Alle drei waren zusammen zur Schule gegangen, Seiranen, Puustinen und Hakans. Seiranen und Puustinen waren und blieben befreundet. Hakans, dessen Familie einige Sägewerke besaß wurde von den beiden wenig geschätzt. Die Abneigung schlug in Verachtung um, als Hakans 1990 beschloss den FC Inter Turku aus dem Boden zu stampfen.
„Ende der achtziger und Anfang der neunziger Jahre ging es TPS schlecht, sehr schlecht.
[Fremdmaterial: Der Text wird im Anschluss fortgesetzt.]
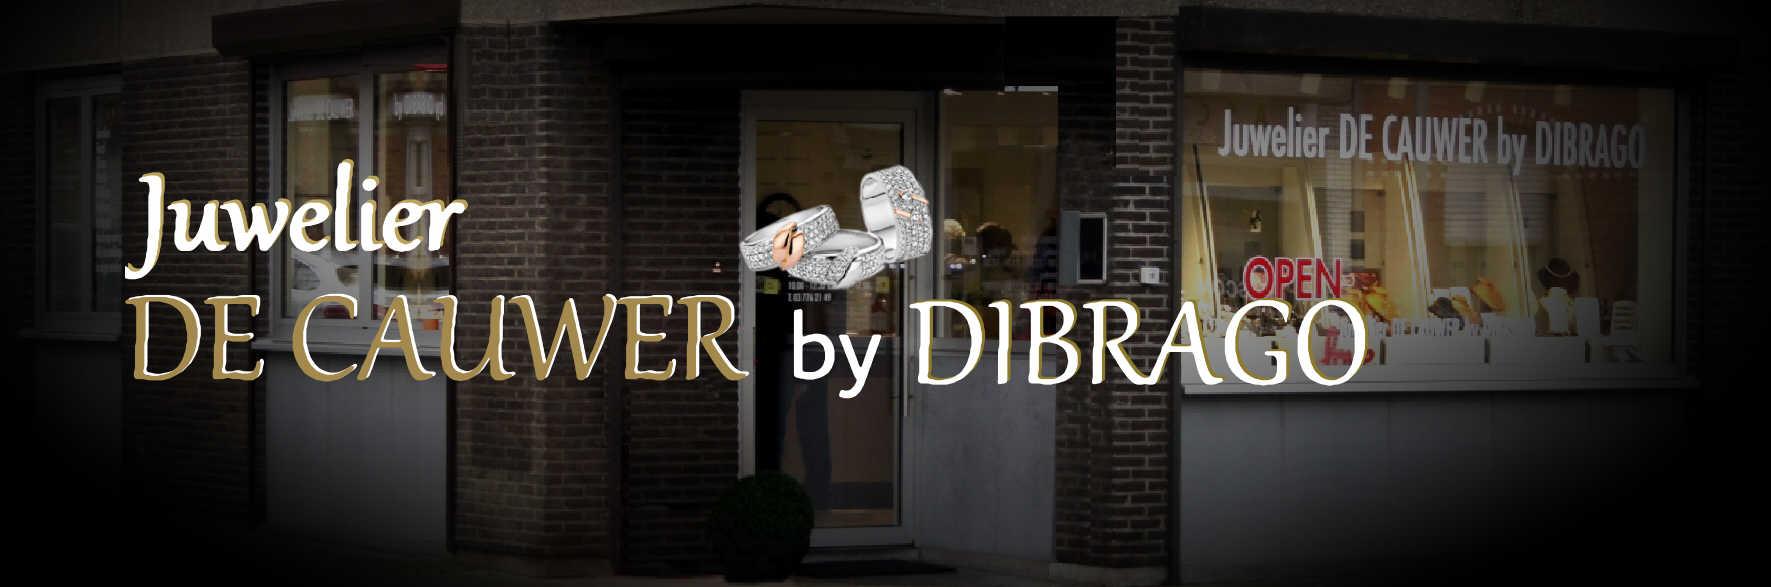 Juwelier De Cauwer by Dibrago

Nach den Erfolgen der siebziger Jahre war man hoch geflogen und noch tiefer gefallen. Finanziell lag der Verein in Trümmern und auch das treue Publikum hatte sich zunehmend von der Mannschaft abgewandt. Dann wurde Seppo Präsident“, erklärte mir Puustinen.
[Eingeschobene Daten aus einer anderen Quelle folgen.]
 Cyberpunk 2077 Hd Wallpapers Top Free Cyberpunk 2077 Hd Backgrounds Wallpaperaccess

„Als TPS vor 20 Jahren am Boden lag, hat der erfolgreiche Unternehmer Hakans nicht nur den FC Inter gegründet, sondern augenscheinlich generös auch Tepsie unter die Arme gegriffen und dem großen Konkurrenten das finanzielle Überleben gesichert, zu knallharten Konditionen versteht sich. Aber: Ohne Hakans würde es TPS nicht mehr geben, und dieser Stachel sitzt bei Seiranen tief.
Einerseits gründete Hakans seinen eigenen Club, den er mit umfangreicher finanzieller Unterstützung schnell in die Veikkausliiga brachte, andererseits hielt er Tepsi am Leben. Tepsie sollte als Sparringspartner dienen und ein wenig Folklore liefern, bis Inter sich in der finnischen Fußballwelt etabliert hatte.
Als Seppo vor 19 Jahren die Präsidentschaft bei TPS übernahm hat er einen strengen Konsolidierungskurs betrieben. Es gelang ihm TPS finanziell wieder auf die Beine zu bringen, ohne dass der Verein große sportliche Erfolge erreichen konnte, nur durch einen effizienten Sparkurs.
So konnte unter Seppo Seiranens Leitung ein Großteil der Schulden gegenüber Hakans abgebaut werden. Eine Sache konnte er jedoch nicht ausräumen…“
„Was denn?“ Flüsterte ich gespannt. Ich war fasziniert von der Geschichte Puustinens.
„Die Stadionmiete. TPS zahlt 50% der Einnahmen an Hakans, das wissen Sie doch. Hakans lacht sich wahrscheinlich immer noch kaputt. Inter lockt weit weniger Zuschauer an als Tepsie, aber Hakans profitiert doppelt. Nur gab es damals keine andere Möglichkeit. Das alte TPS Stadion war baufällig und zuletzt durften dort gar keine Partien mehr ausgetragen werden. TPS hatte Fans, viel mehr als Inter, aber Tepsie hatte weder Geld, noch ein Stadion.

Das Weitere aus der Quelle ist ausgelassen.